Named Gefion, after the Norse goddess of ploughing and abundance, and built by Atos Group subsidiary Eviden, it will be based on the Nvidia DGX SuperPod architecture. Gefion will feature over 1,500 of Nvidia’s H100 Tensor Core GPUs and deliver six exaflops of FP8 AI performance. Furthermore, it will connect to the Nvidia Cuda Quantum open-source software platform, which allows for simulations on hybrid quantum-classical computers.
The supercomputer will belong to the “Danish Center for AI Innovation,” and be hosted by a Digital Realty data centre, which uses 100% renewable energy. Novo Nordisk, the maker of diabetes-turned-weight-loss drug Ozempic/Wegovy, is investing around €80mn in the project. The Export and Investment Fund of Denmark is also contributing around €8mn.

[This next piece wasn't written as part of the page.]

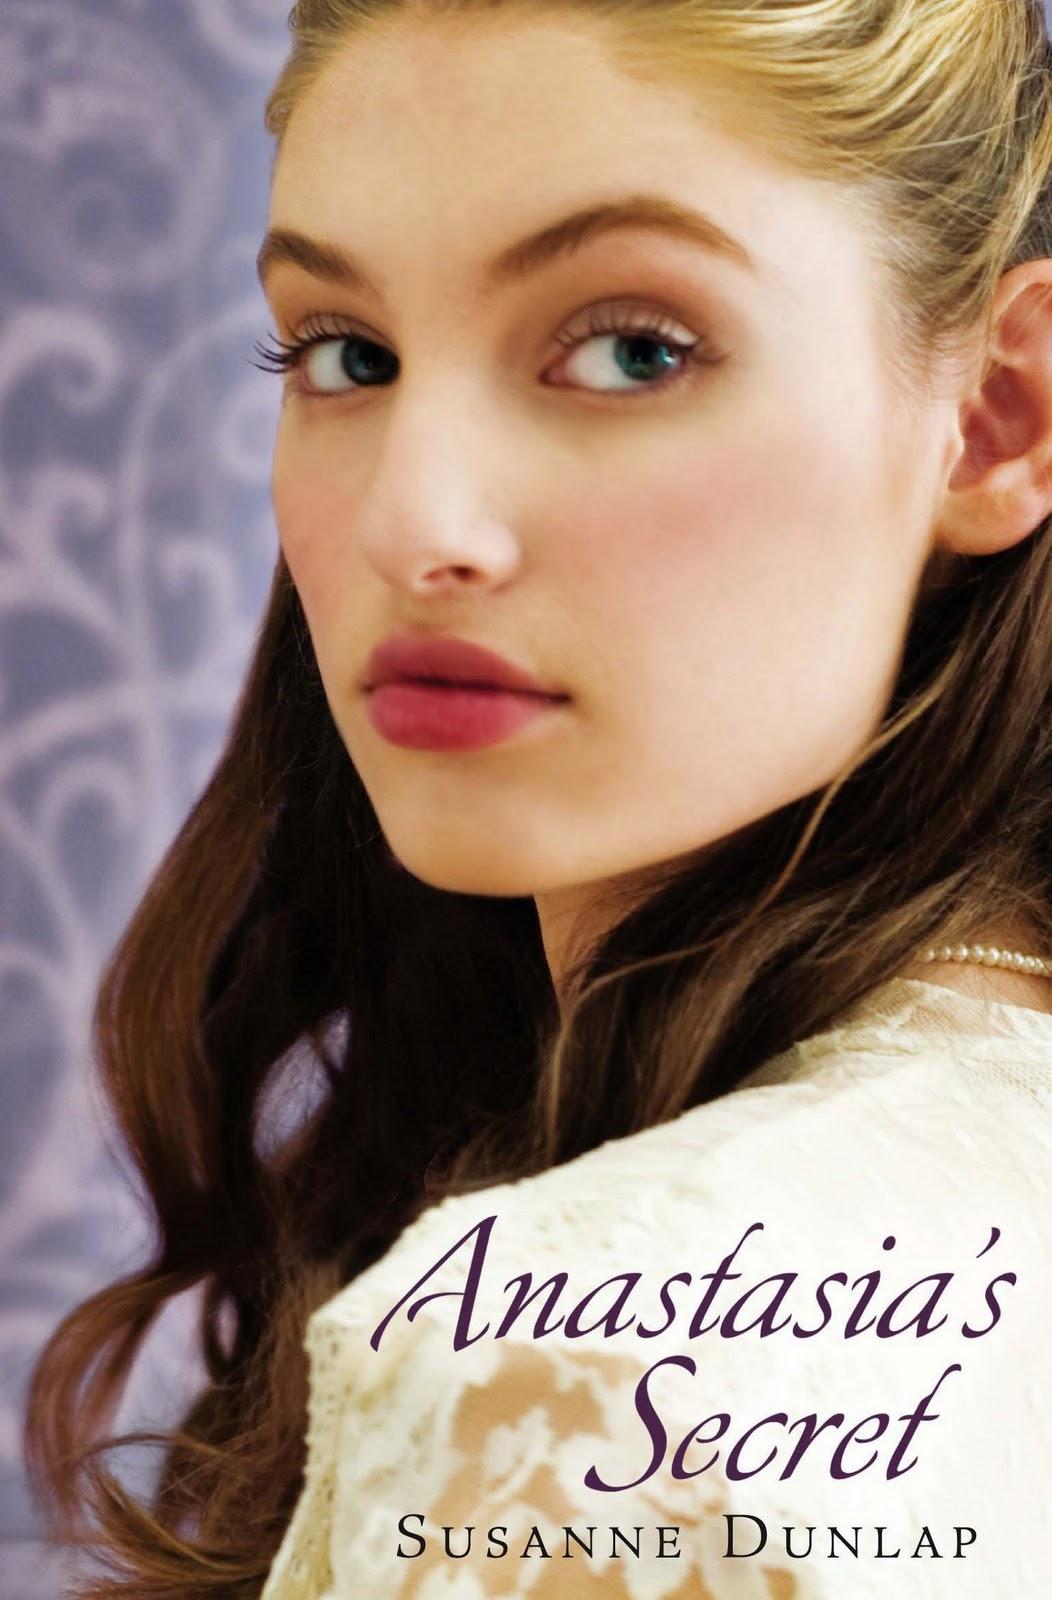 http://4.bp.blogspot.com/_DR9o7xaEXns/TUrL19Y6DGI/AAAAAAAACOM/EBVpBdwbYEo/s1600/anastasiassecret.jpg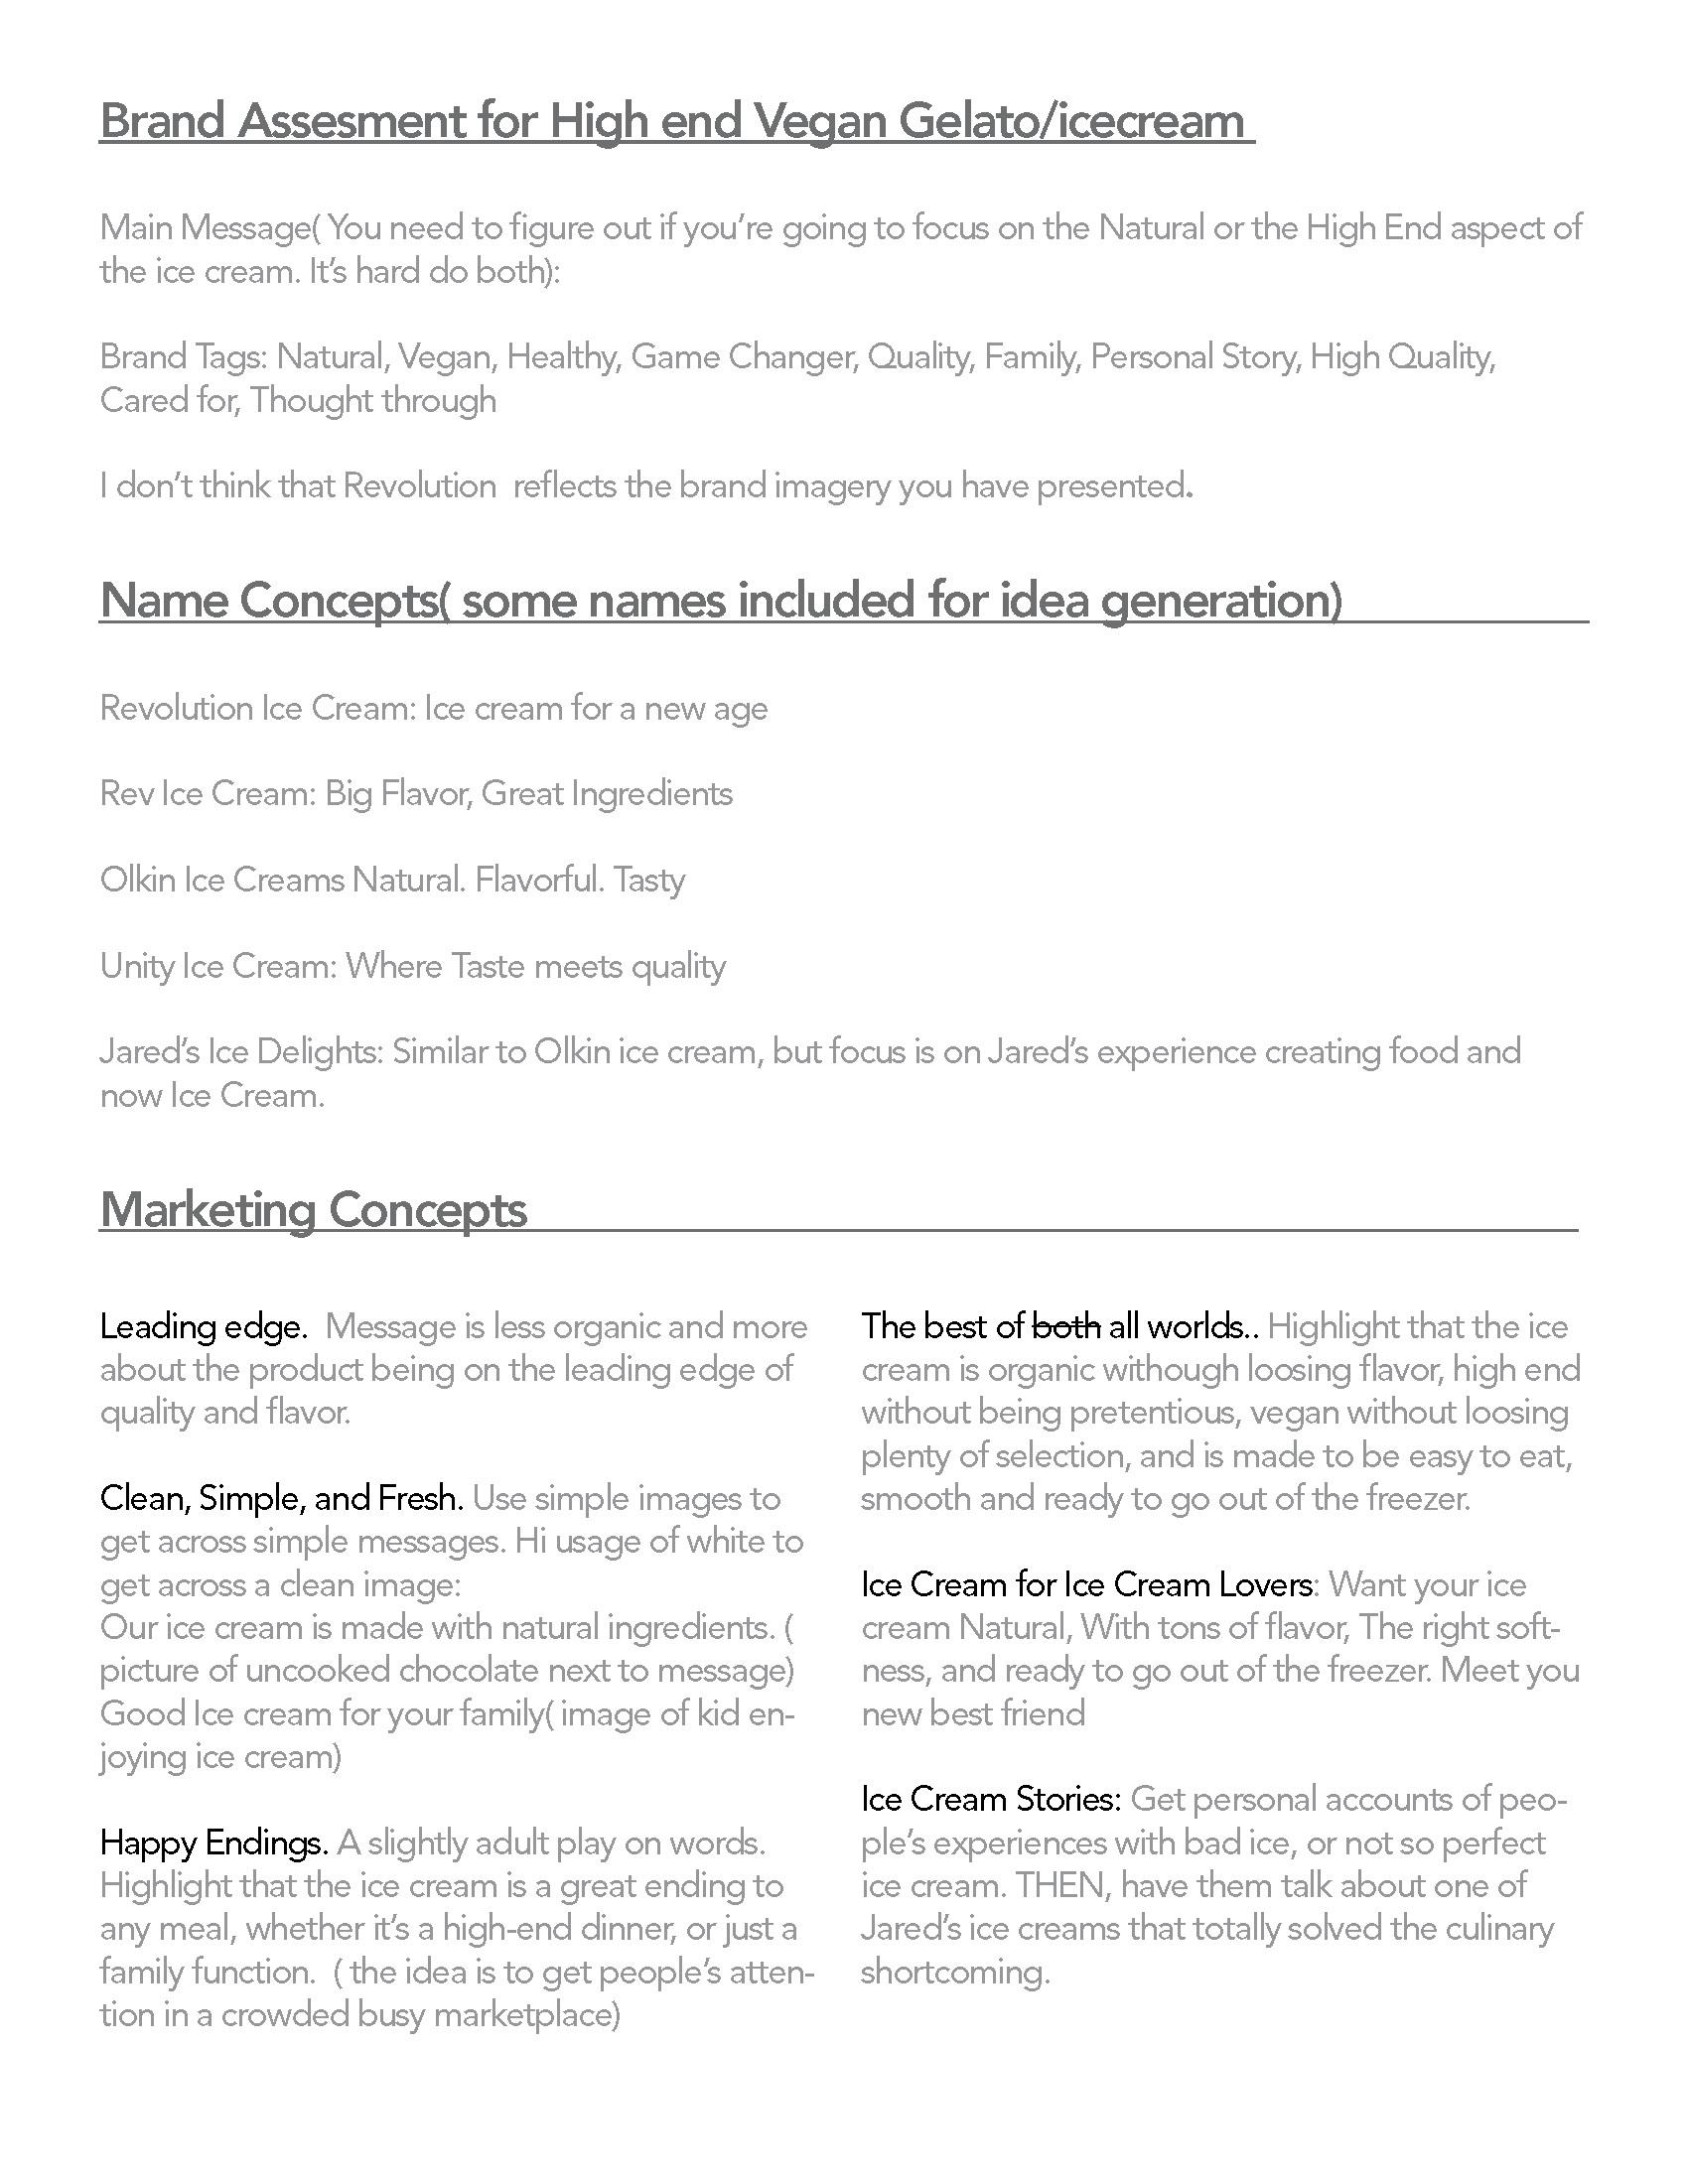 JaredOlkin_Marketing Concepts_Page_12.jpg

“Groundbreaking scientific discoveries are based on data, and AI has now provided us with an unprecedented opportunity to accelerate research within, for example, human, and planetary health,” said Mads Krogsgaard Thomsen, CEO of the Novo Nordisk Foundation in a statement.

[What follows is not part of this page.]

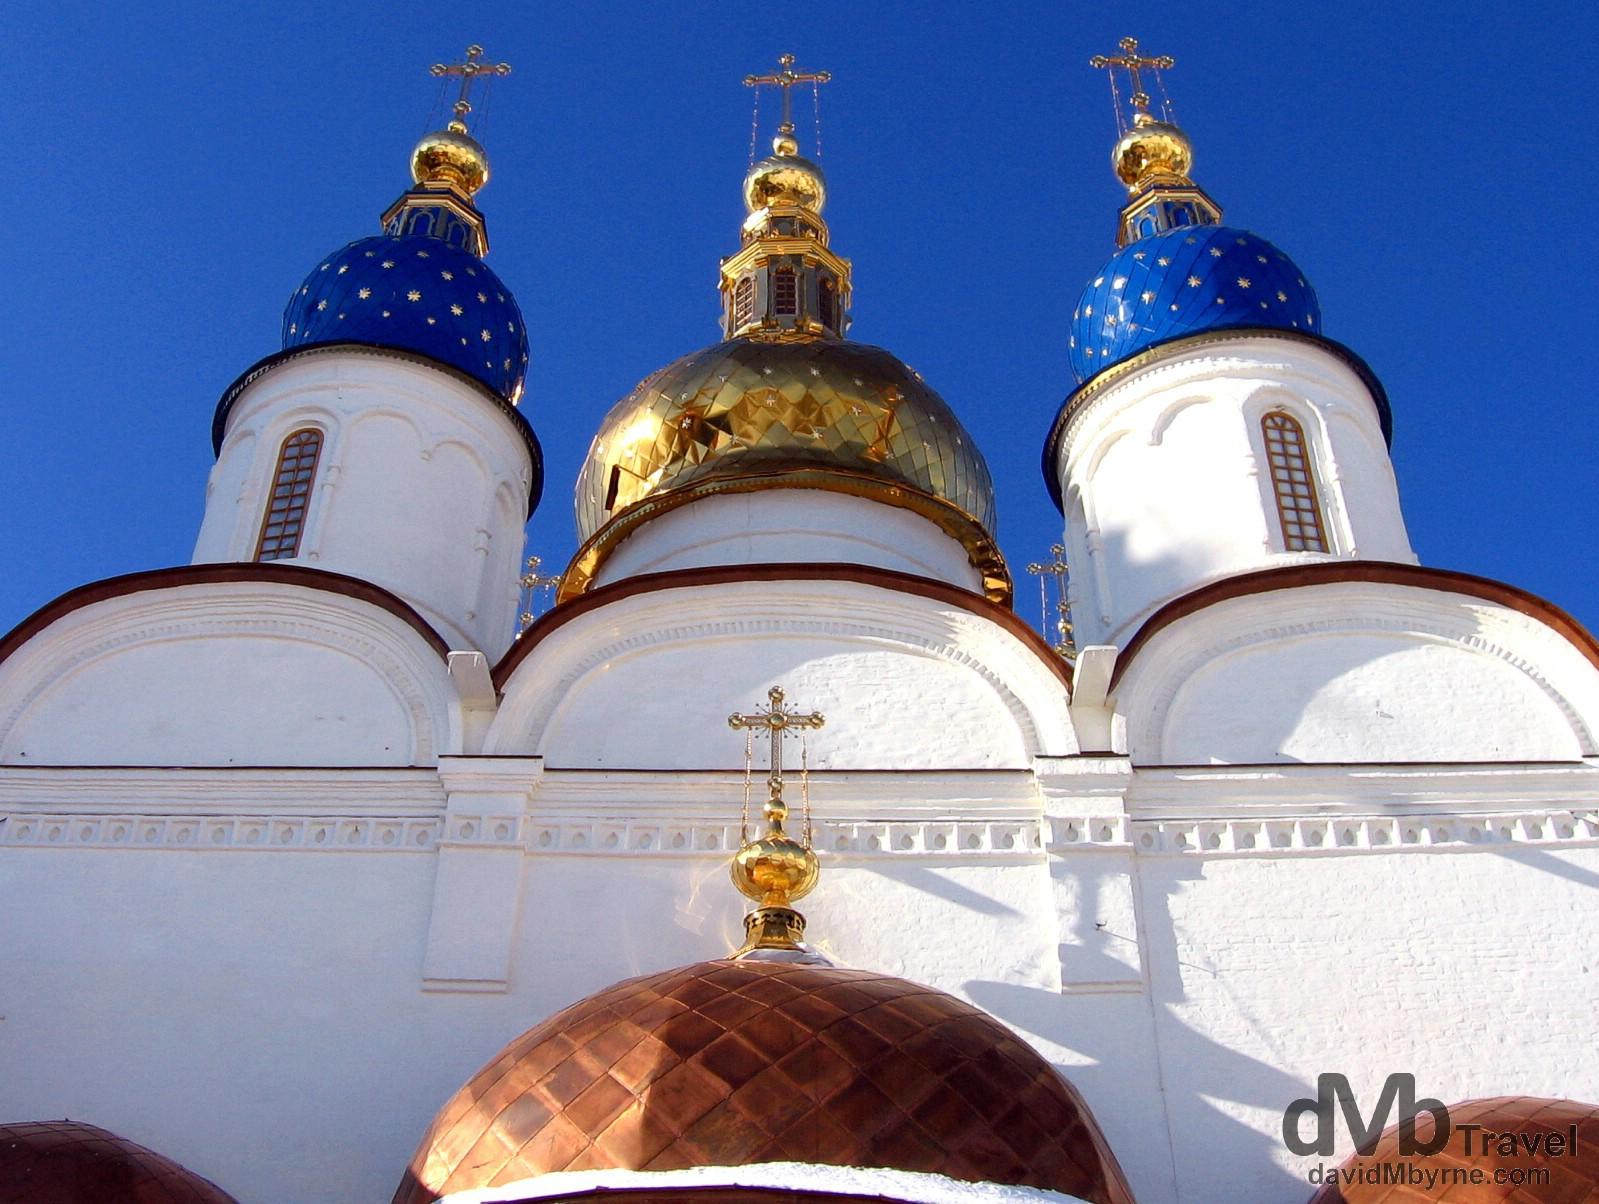 Tobolsk, Siberian Russia

Clarifying the partnership agreement in a press briefing, Kimberly Powell, VP of healthcare at Nvidia, said “In our collaboration agreement, we’ll be taking all of this generative AI and bring it over to their sovereign AI infrastructure so that [Denmark] can really push into advancing medicine, quantum computing, and social sciences.”
The geopolitics of AI
Meanwhile, AI and the supercomputers that power its training is no longer the domain of a few select researchers. As the technology becomes ever more ubiquitous, the compute needed to train larger and larger AI models or run sophisticated simulations increases.
Its significance ranges between everything from productivity and efficiency gains, to military and cybersecurity applications — something that is not passing unnoticed by national security policymakers, as illustrated by US export restrictions on hardware used to train AI to China.
“In the current geopolitical climate, it is important that we strengthen our strategic positions,” Morten Bødskov, Danish Minister of Industry, Business and Financial Affairs, stated (albeit steering clear of the phrase of the day, “digital sovereignty”).
But staying on top of the high-performance computing (HPC) and AI training game is a difficult task. The fact that Gefion, a supercomputer announced today and intended to be fully operational in 2025, will feature the Nvidia H100 GPU is a testament to just how quickly things move in the realm of HPC and artificial intelligence.
Just yesterday Nvidia, now the third most valuable company in the world, launched its latest AI chip, the Blackwell, which it says is 4x faster than the H100. It will also combine into a superchip with two Blackwell GPUs and one Grace CPU, for “trillion-scale parameter generative AI.”
The European race to exascale
Denmark’s new supercomputer will be in good European company. The UK is building an exascale supercomputer in Edinburgh, as well as an AI supercomputer in Bristol. Joint undertaking EuroHPC is supporting not one but two exascale supercomputers in the EU. The project is installing Jupiter at the Jülich Supercomputing Centre, Germany, this year, and a second system called Jules Verne will come online in France in 2025.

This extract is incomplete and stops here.